My work sits at the intersection of chemistry, computation, automation, and planetary science. I build workflows that help turn complex chemical systems into clearer scientific insight. More broadly, I am interested in how better tools, models, and ways of thinking can help us explore chemical possibility across worlds.

In many ways, this feels like coming full circle.

Beyond

Beyond Research

Alongside research, I care deeply about communication, mentorship, and community.

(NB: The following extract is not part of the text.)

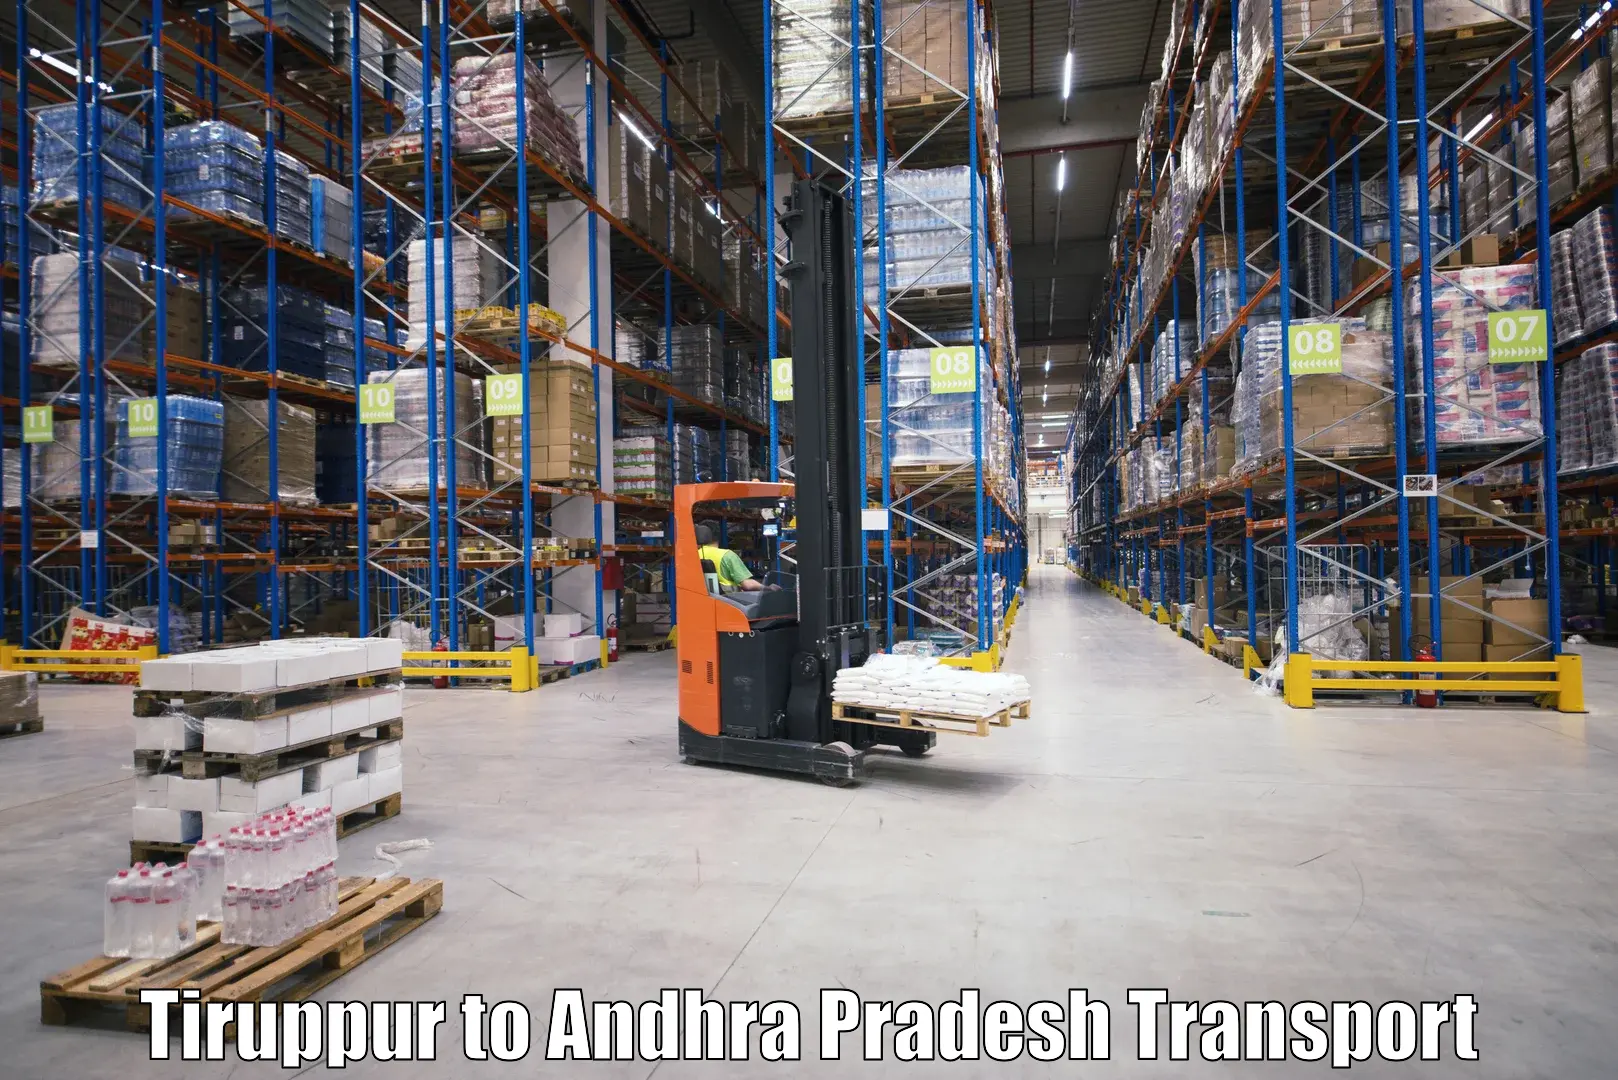 Online transport booking Tiruppur to Andhra Pradesh

I share parts of my scientific journey online through @scient_ish, where I try to make space science and astrobiology more accessible. I also reflect on growth, purpose, and self-understanding through more personal creative work, @spiritual_ish.

Over time, I have come to see these threads as connected. Science is one way I study the universe. Reflection is one way I understand my place within it.

Both are attempts to ask better questions, live with uncertainty, and move closer to truth.

Reflection

What I’ve Learned

Looking back, each phase of my life — childhood in India, immigration, college, corporate work, and now research — has felt like a recalibration toward greater alignment.

I used to think success meant achievement. Now, I see it more as the combination of clear intention, sustained effort, patience, and the willingness to keep realigning when something no longer fits.

I do not know exactly what will come after the PhD. That uncertainty used to scare me more than it does now. These days, I see it as part of the work: staying open, building useful things, following meaningful questions, and trusting that no sincere effort is ever wasted.